Nawaji’s face broke into a huge grin. “Yes, Father, his name is Lewis Clark, and he was named Strong Hand by a Pawnee war chief after easily defeating their best fighter,” she explained proudly.

“Welcome Strong Hand. Word of your exploits arrived two days ago, and I sent messengers to spread word to the Cheyenne and Arapaho,” Nawaji translated as he spoke rapidly and clasped my arm.

“Thank you,” I replied, relieved by his acceptance. “I would like to ask permission to plant crops and raise horses and cattle around the cave your daughter and Mule used for their home,” I continued.

“I understand that you wish to grow beans, corn, and squash. That will help us a great deal as we have to trade with tribes far to the south or west of us, to get those items. Many times, we are unable to trade for as much as we need to get us through the winter,”

“If I am allowed to plant crops, I will grow lots of corn, beans, and squash to trade with the Sioux, Arapaho, and Cheyenne,” I promised.

“Then you have my permission to use the land to plant your crops and to raise your animals,” he said, surprising me that he didn’t ask for anything in trade. “Just remember that permission to use the land does not make the land yours, like the white men seem to think is necessary. The land still belongs to The People.”

“Thank you,” I replied. “I will strive to be a good neighbor and a friend of the Sioux.”

“We need to go,” Nawaji told her father. “We have to meet the supply wagons returning to the trading post. Lewis’s other three wives are with them, as well as five missionaries who plan to continue west,” she said with a sly grin.

“Other wives?” her father asked.

“He has three more wives who will live with us. All four of us married him in a white man’s ceremony last night. There are also two dark-skinned men and their three wives who wish to be Lewis’ slaves,” she explained.

After we said our goodbyes, Nawaji led me back to our horses and we were quickly on our way to meet the wagons. “Why don’t they stay in the caves I saw in the hillside?” I asked her. Seeing so many buffalo-skin teepees, I assumed they lived in those.
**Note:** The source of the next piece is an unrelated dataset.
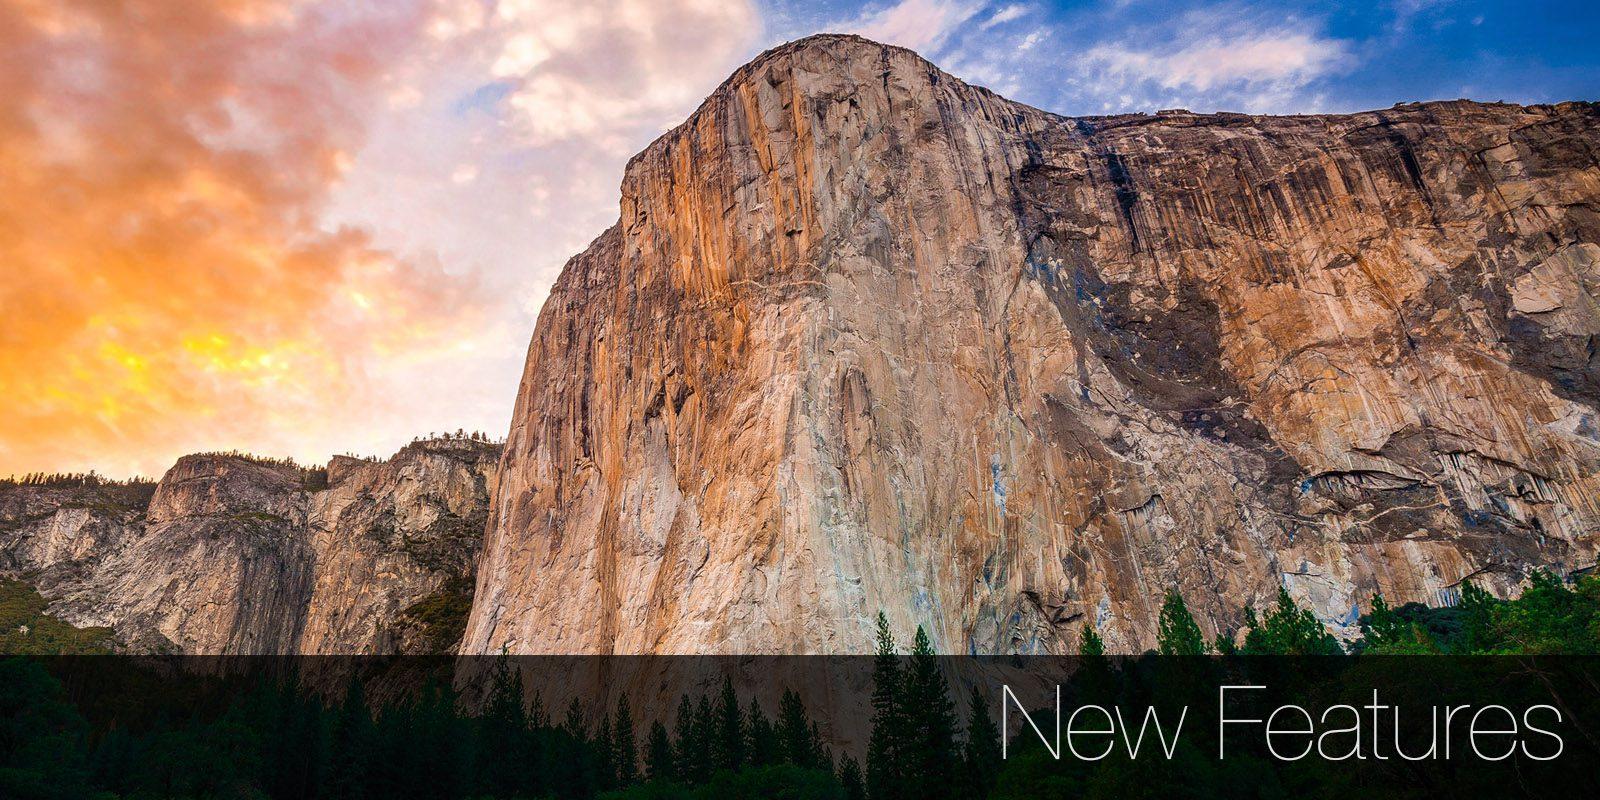 New Features in OS X El Capitan

“Tipis are comfortable in all but the worst weather,” she explained. “During the worst rain and snowstorms, everyone moves into the caves, and they put the horses in another cave to protect them. The ridges and the trees we planted on the ridges help protect us by greatly reducing the worst of the winter winds.”
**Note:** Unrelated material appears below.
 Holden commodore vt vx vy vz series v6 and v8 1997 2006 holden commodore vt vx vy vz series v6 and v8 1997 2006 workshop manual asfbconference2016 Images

The wagons were halfway to the Indian village when we found them. “I take it that you met Nawaji’s father,” Samuel commented when we got there.
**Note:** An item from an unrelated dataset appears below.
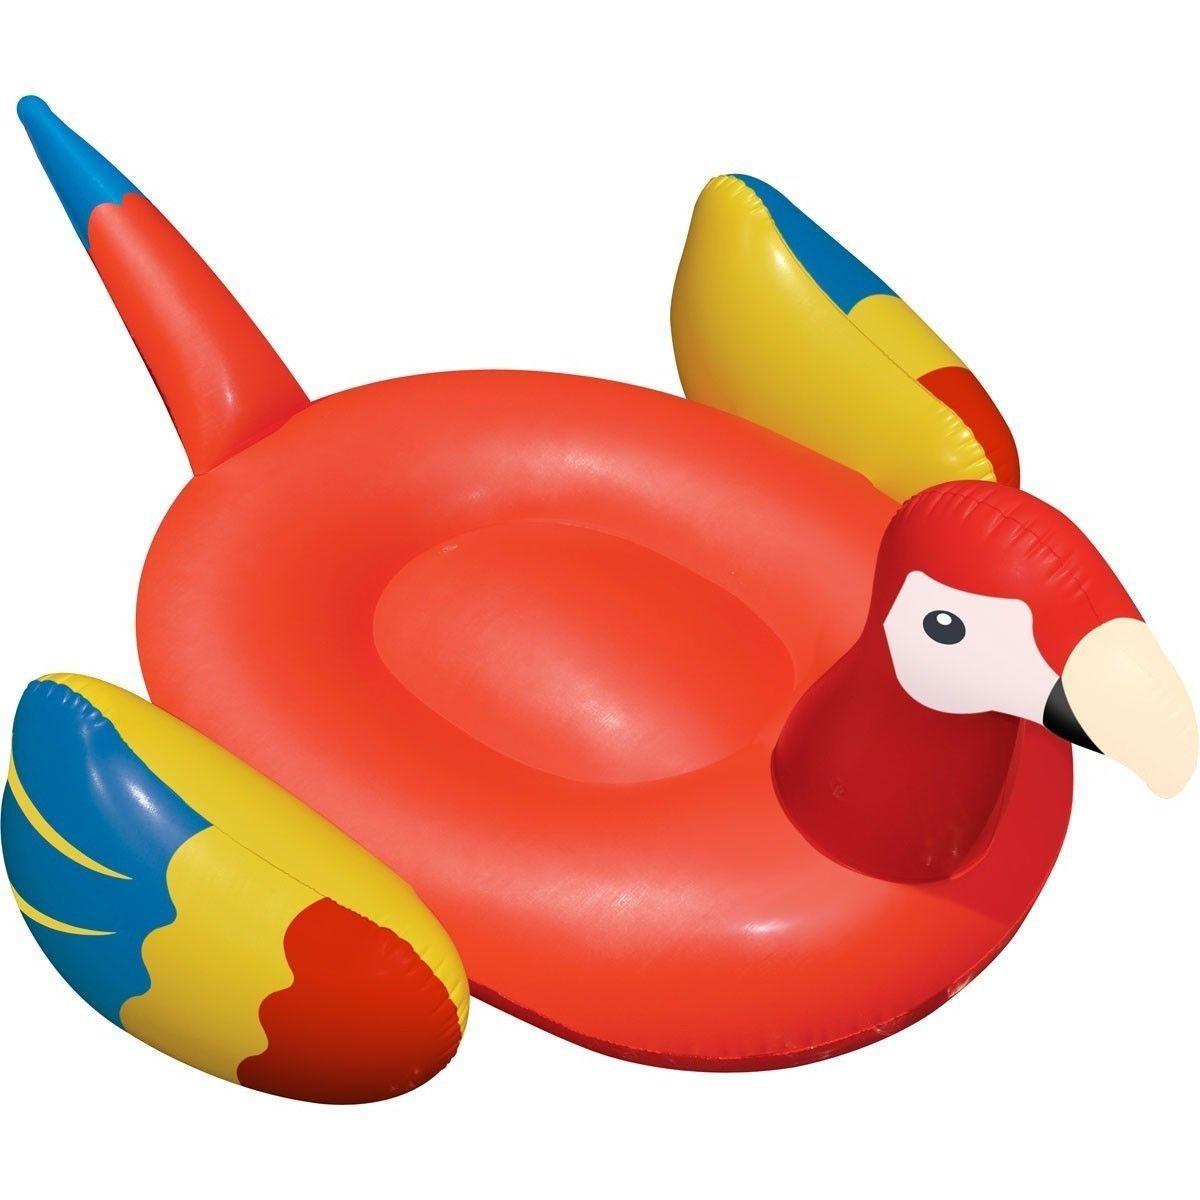 Swimline Giant Parrot Inflatable Float

“I did, and they heard two days ago that we were coming, and about us returning Wakiya to her people,” I replied.

My other three wives were excited that we had permission to grow crops and raise cattle on Sioux land. Now we just had to see the cave we had heard so much about.

We had crossed the Platte River by early afternoon. Samuel explained that the river would be wider and deeper when the snow melted, and spring rains began. Sometimes it was wide enough and deep enough that crossing the Platte was dangerous and crossing with a wagon would be impossible. Less than a mile later, we crossed the much smaller Laramie River close to the junction of the two. The men from the fort pointed out an almost bare patch of ground, explaining that it had originally been another trading post, Fort William, but it had closed two years ago. The cottonwoods used for the stockade and buildings had been used for firewood or building elsewhere.